Perry, FL to Crawfordville, FL

42.5 mi / 13.5 mph / 23 ft. climbing
Home: Newport County Campground

The last couple days have taken us through the very-unpopulated Big Bend corner of Florida, but today we achieved a new level of East Coast emptiness. Once we got through Perry in our first four miles, and passed Rocky’s Campground four miles after that, it was 20 miles until the next building (JR’s Aucilla River Store), and another 14 miles to the one after that, and that was the bathhouse at our campground.

Perry seems to be a pretty working-class/farming town, but as the biggest population center in the region, it has all the things (including the Walmart we stopped at before heading into the wilderness).

Big Bend is where the Florida peninsula meets the panhandle, and an unrenowned side street in Perry is where we also made our own big bend, a left turn that ended our roughly-northward progress and now set us on a westward path. Ever since we left Rett’s Dad’s in upstate New York nearly six months (and 4000 miles) ago, we’ve basically been heading “south”, with our recent northbound trek more just a rebound off the bottom than an actual change in direction. It’s not like we haven’t been moving west at all; we’re somehow already further west than Detroit! But that was just an unintentional slide; now we’ll be heading west with earnest intention, and hopefully tailwinds the whole way!

Heading West on US-98 through the emptiness of Big Bend. Here the four-lane highway has shrunk to two lanes, but the traffic is still a non-issue.
Rett spotted this nice picnic area along the Econfina River, an unexpected lunch spot in this emptiness where we didn’t need to set up our own chairs!
The Econfina River is dark and mysterious, and it seems like we’re nearing the area where they call things like this “bayous”.
The dark river waters somehow appear to have a molasses-like viscosity, and this was just one of several odd surface patterns that revealed unusual flows below.

Despite the lack of anything out here, somehow the Newport Campground (a Wakulla County campground) was a perfect distance from our start. And at $17, it was a perfect price too, our cheapest Florida campground. But since it’s Florida, our site still had electric! (which we shared with our neighbors, a couple of guys with a boat here to fish).

Our site (#23) at Newport Campground.

Although the campground was the first thing ending the forest’s emptiness, it wasn’t the only thing here. Just on the opposite side of the St. Mark’s River was Ouzts’ Too Oyster Bar & Grill, which had excellent Google reviews, describing it as a true backwoods bar, but with much better food than such a place ought to have.

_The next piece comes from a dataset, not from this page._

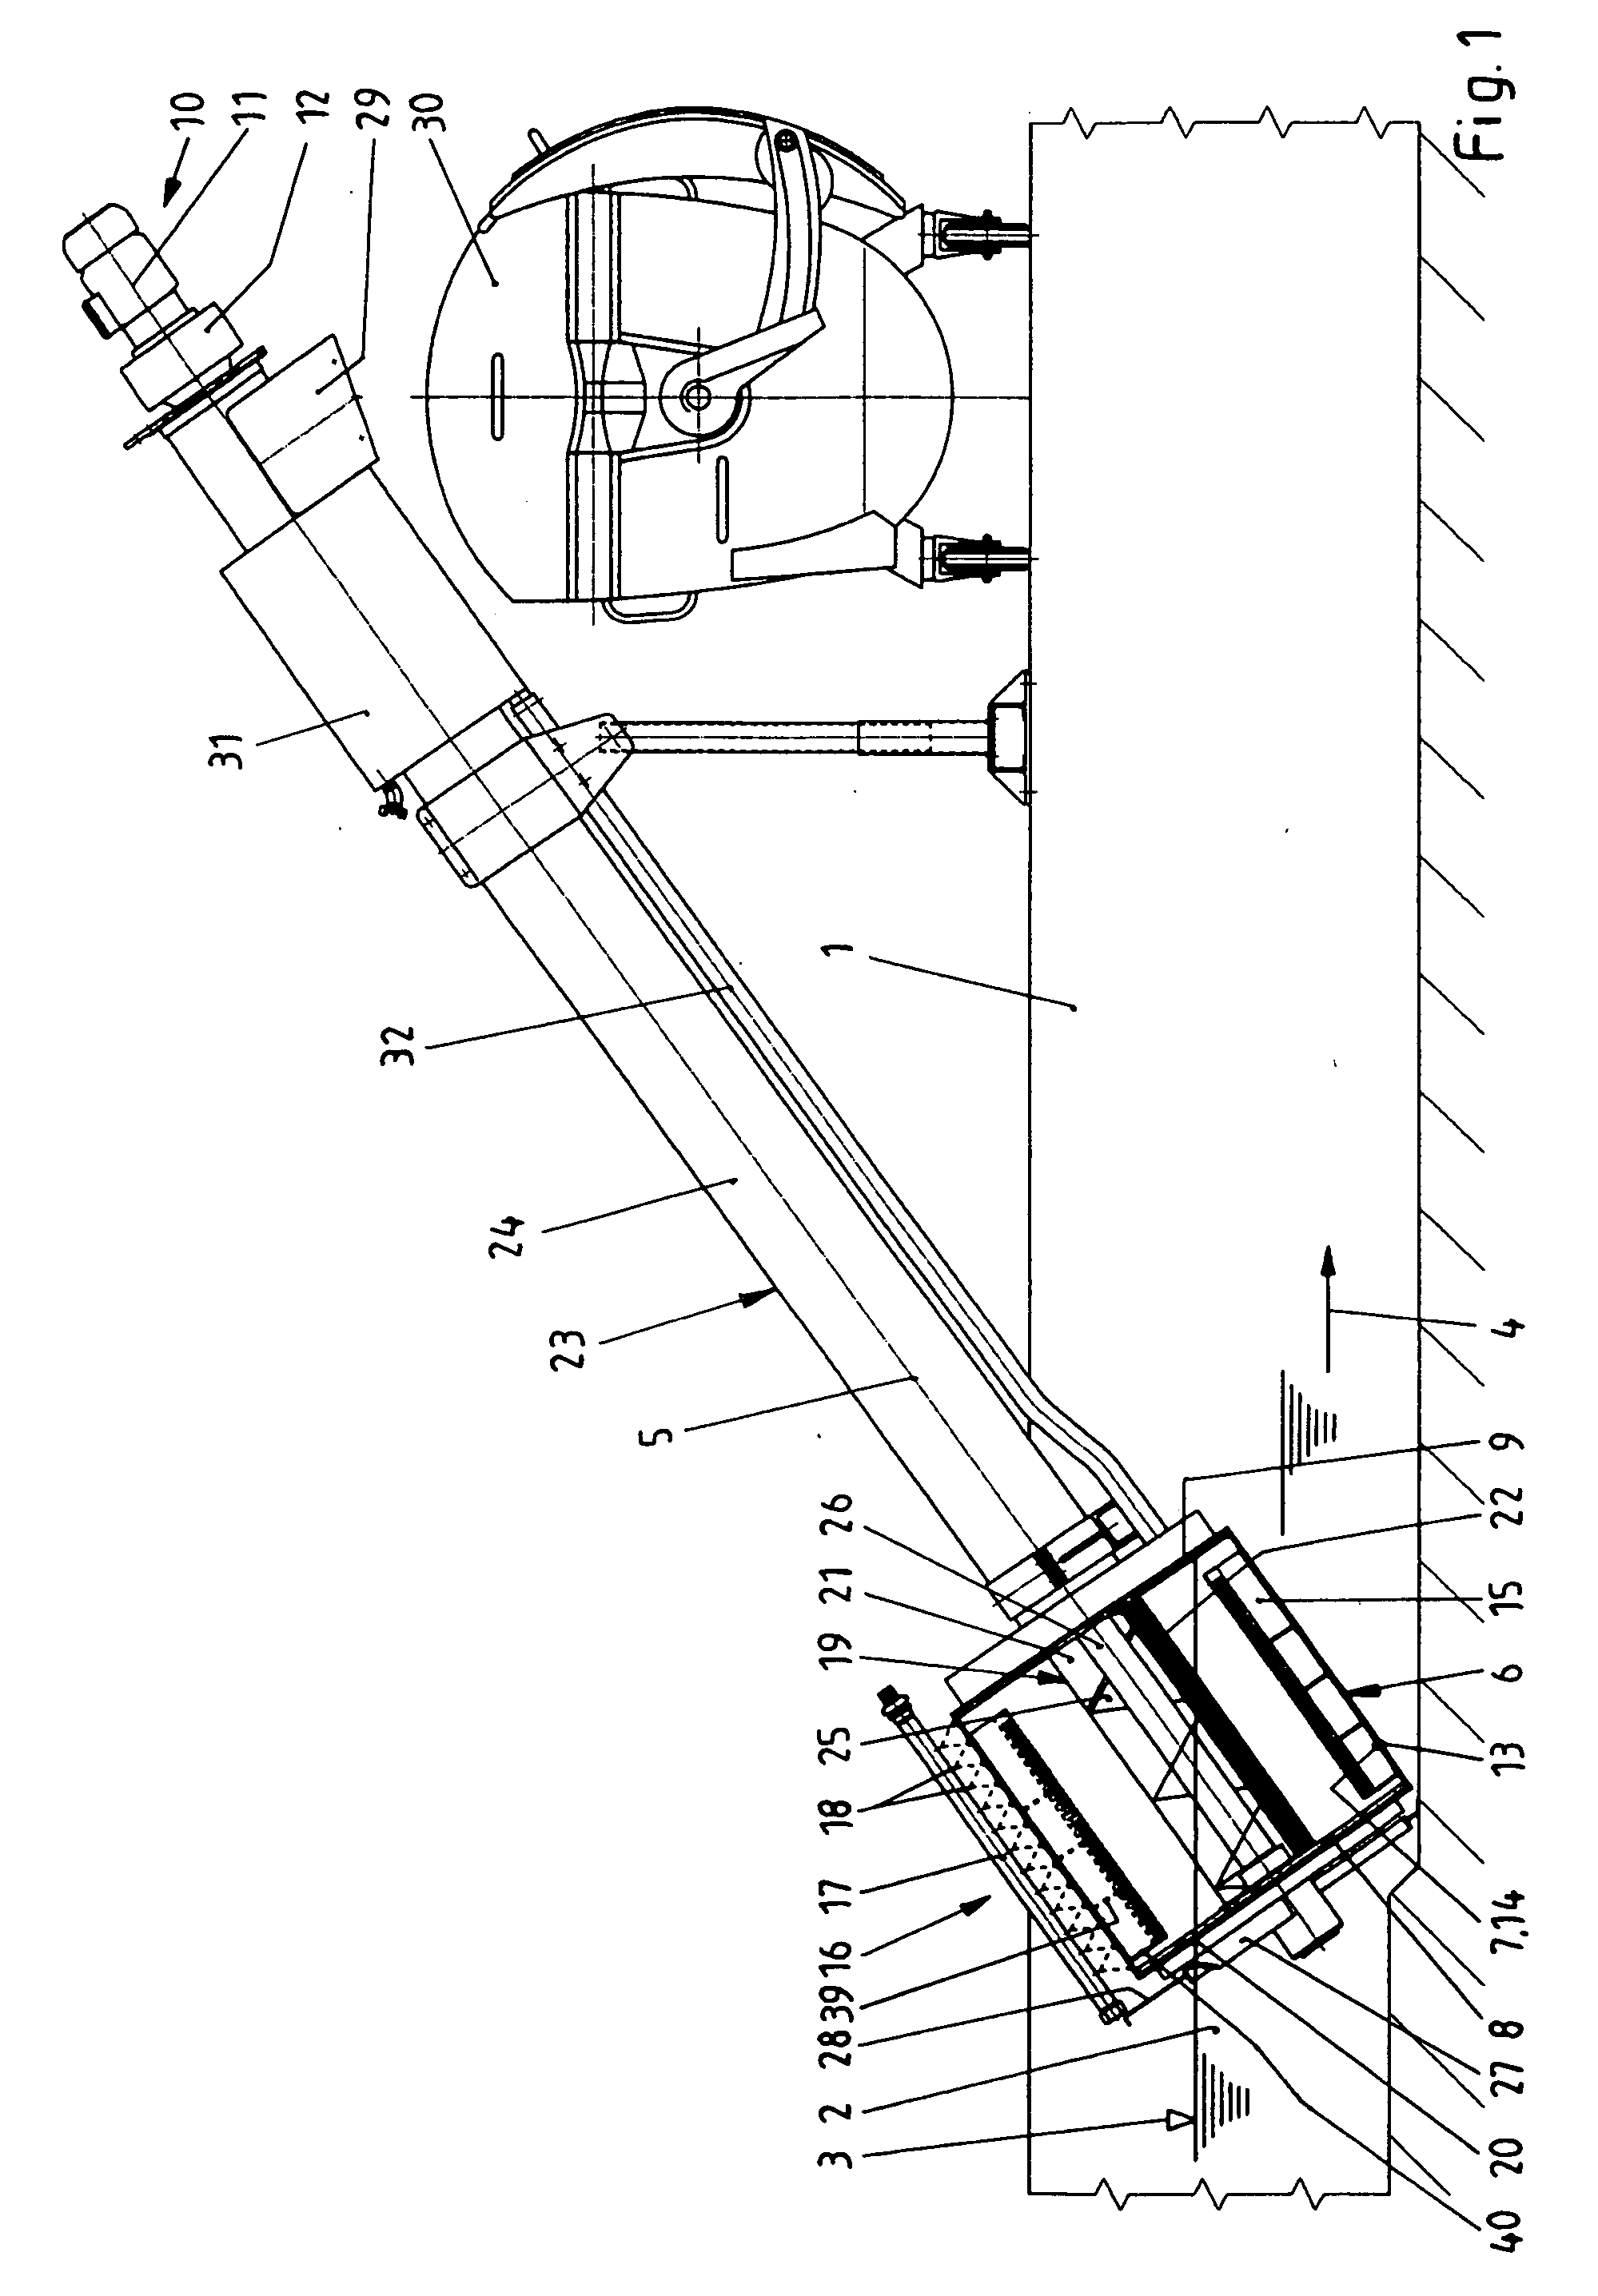 Apparatus for removing material from a liquid flowing through a channel

So we took a walk over the highway bridge for dinner. It was surprisingly full at the early hour we arrived, but rather than locals who might have appreciated the Confederate flags, it seemed mostly like city folk doing a rural safari after reading the same reviews I did (including an Indian family). But, our hosts were as friendly as reported (at least to us white folks), giving Rett the remote to choose what she wanted on TV once most everyone else had left. And the seafood was excellent.

Inside Ouzts’ Too. Unlike the majority of Confederate flags we’ve seen, at least this one is in a state that was actually a member of the Confederacy! (©Rett)
A fire tower across from the Newport Campground.
The campground had a boardwalk that led directly to a platform on the bank of the St. Mark’s River, a spot almost as peaceful as the boardwalk to the Suwanee River at Manatee Springs (though with far less wildlife).
The river was glass-smooth, with the inexorable conveyance of floating leaves as the only indication that it was moving at all. The water had that same feeling of “thickness” as the Econfina did earlier.